Integrating both sides we get, for the left hand side :

$\int \tfrac{dx}{x-40n}=\ln(x-40n)+C_1$

Right hand side: $\int \tfrac{dt}{40}=\tfrac{t}{40}+C_2$

Combing these equations we get :

$\ln(x-40n)=\tfrac{t}{40}+C_3$ where $C_3=P$

Exponentiating both sides yields

$x-40n=e^{\tfrac{t}{40}+P}=Pe^{\tfrac{t}{40}}$

Therefore

$x=e^{\tfrac{t}{40}+P}+40n$

But then my problem is noticed when we arrive at part two. Inputting that data into the formula I obtained will result in having to calculate a negative log input to find $t$, but of course those are undefined. Where have I gone wrong?

Answer 1

Now that I've had time to look at this carefully... (so I withdrew my earlier comments)

The differential equation can be treated as separable: $$ \frac{dx}{x-40n} \ \ = \ \frac{dt}{40} \ \ , $$ but now you're going to see why we always said in first-semester calculus that the integral is $$ \ln |x \ - \ 40n| \ \ = \ \ \frac{t}{40} \ + \ C \ \ . $$ As you learned back in algebra, an equation with an absolute-value term generally means we need to consider two cases:

If $ \ P > 40n \ \ , $ then $ \ |x - 40n| \ = \ x - 40n \ \ $ and we can evaluate the integration constant at $ \ t = 0 \ $ as $$ \ln \ (P \ - \ 40n) \ \ = \ \ \frac{0}{40} \ + \ \ln \ (P \ - \ 40n) \ \ \Rightarrow \ \ C \ = \ \ln \ (P \ - \ 40n) $$ and the population function becomes $$ x \ - \ 40n \ \ = \ \ (P \ - \ 40n)·e^{t/40} \ \ \Rightarrow \ \ x(t) \ = \ (P \ - \ 40n)·e^{t/40} \ + \ 40·n \ \ , $$ as you were finding.

Notice in the differential equation that $ \ \frac{dx}{dt} \ = \ \frac{x}{40} \ - \ n \ \ = \ \ 0 \ \ $ means that the population remains constant if $ \ \frac{x}{40} \ = \ n \ \Rightarrow \ x \ = \ 40n \ \ . $ So if the population starts at $ \ P \ = \ 40n \ \ , $ the emigration exactly balances the population growth, so the population never changes. This is an equilibrium value for the population, which divides the behavior of the population in time. What you worked out is the case where the initial population is above that equilibrium value.

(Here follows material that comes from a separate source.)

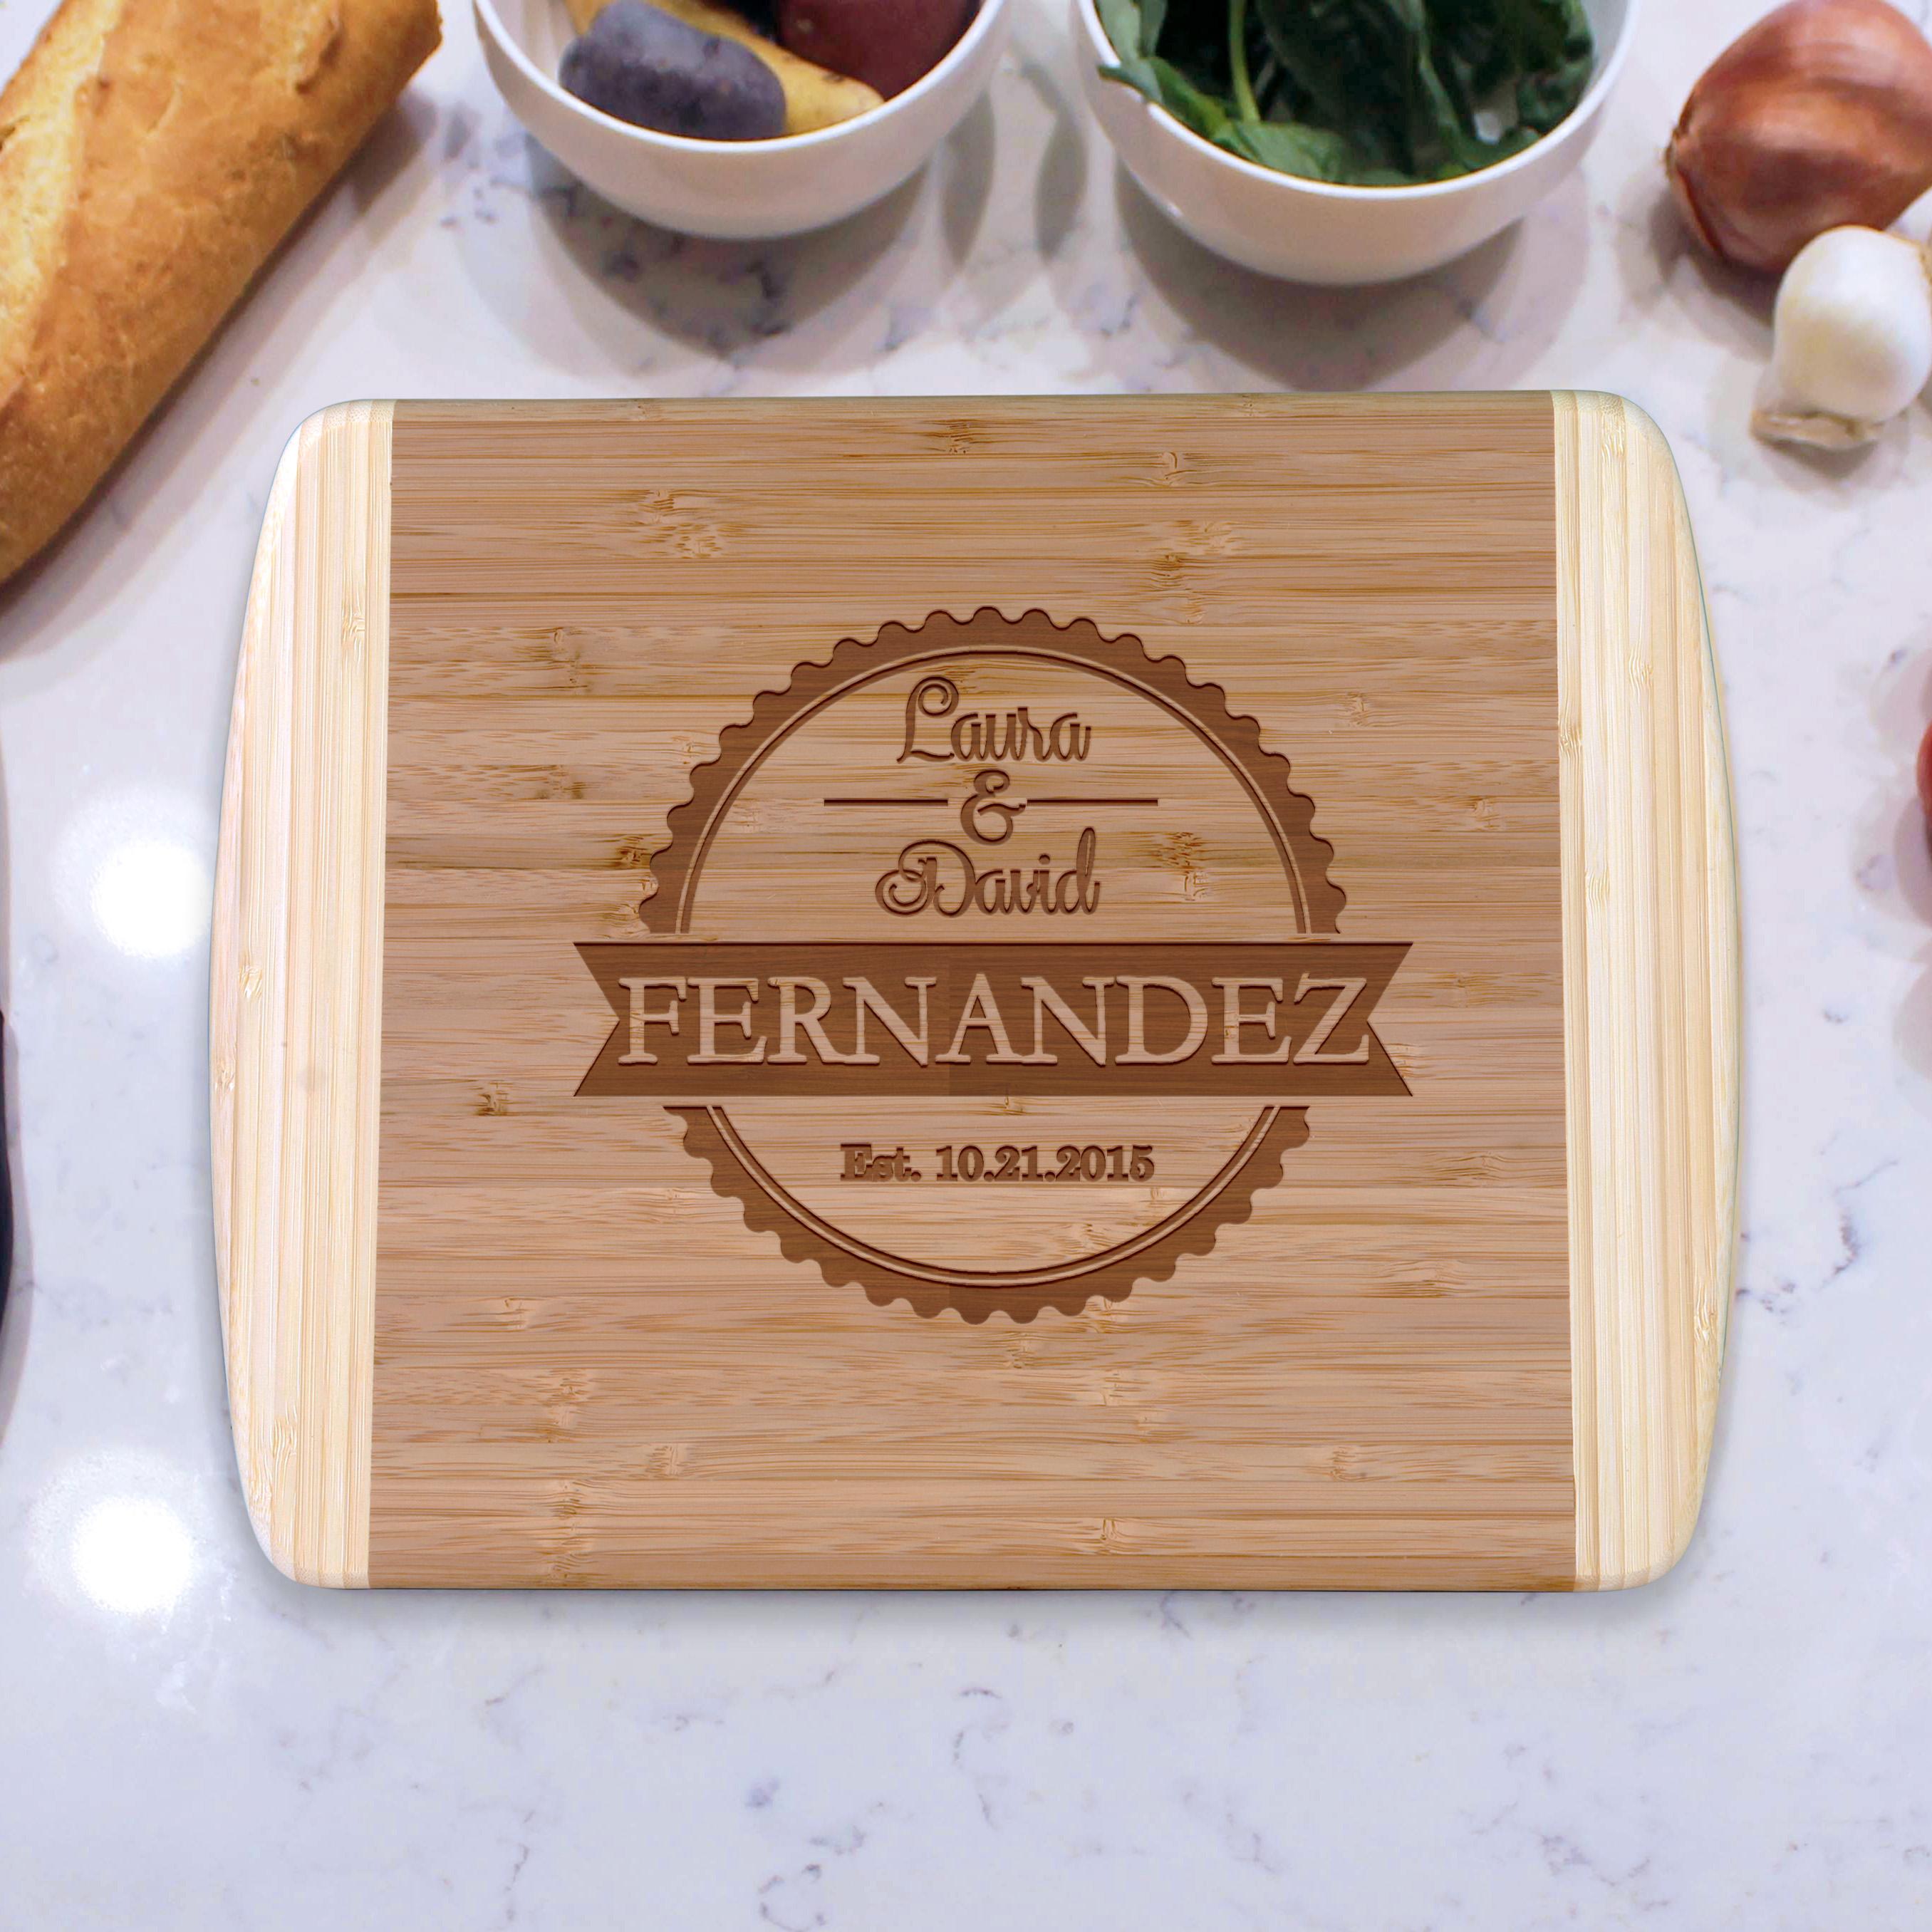 Fernandez Personalized Cutting Boards Etchey

However, the conditions you are given for your problem represent the case where the initial population is less than the equilibrium value $ \ ( \ P < 40n \ ) \ . $ That will have a rather different behavior. We must use the other case for the absolute-value term, $ \ |x - 40n| \ = \ -(x - 40n) \ \ : $ $$ \ln \ (40n - x) \ \ = \ \ \frac{t}{40} \ + \ C \ \ \Rightarrow \ \ \ln \ (40n \ - \ P) \ \ = \ \ \frac{0}{40} \ + \ \ln \ (40n \ - \ P) $$ $$ \Rightarrow \ \ C \ = \ \ln \ (40n \ - \ P) $$
and the population function becomes $$ 40n \ - \ x \ \ = \ \ (40n \ - \ P)·e^{t/40} \ \ \Rightarrow \ \ x(t) \ = \ 40n \ - \ (40n \ - \ P)·e^{t/40} \ \ . $$ For the specified conditions, you would then work with $$ x(t) \ = \ 40·800 \ - \ (40·800 \ - \ 30000)·e^{t/40} \ \ = \ \ 32000 \ - \ 2000·e^{t/40} \ \ . $$ What we have is a population which will eventually fall to zero because population growth is gradually overwhelmed by emigration. (The earlier case is one in which population grows without limit because emigration is never enough of a "drain" on the population.)

[Sorry about the earlier confusion.]

ADDENDUM -- In regard to one of the comments I had made (and deleted), this equation can also be solved by use of an "integrating factor". If we write it as $ \ \frac{dx}{dt} \ - \ \frac{1}{40}·x \ = \ -n \ \ , $ we will have the integrating factor $ \ e^{-t/40} \ \ $ and the population function found by that method is $$ x(t) \ \ = \ \ 40n \ + \ (P \ - \ 40n) · e^{t/40} \ \ . $$ The advantage of using this approach to solving the differential equation is that it avoids the pitfall of the absolute-value in the logarithmic term we had above. This version of the population function can be used for any of the initial conditions.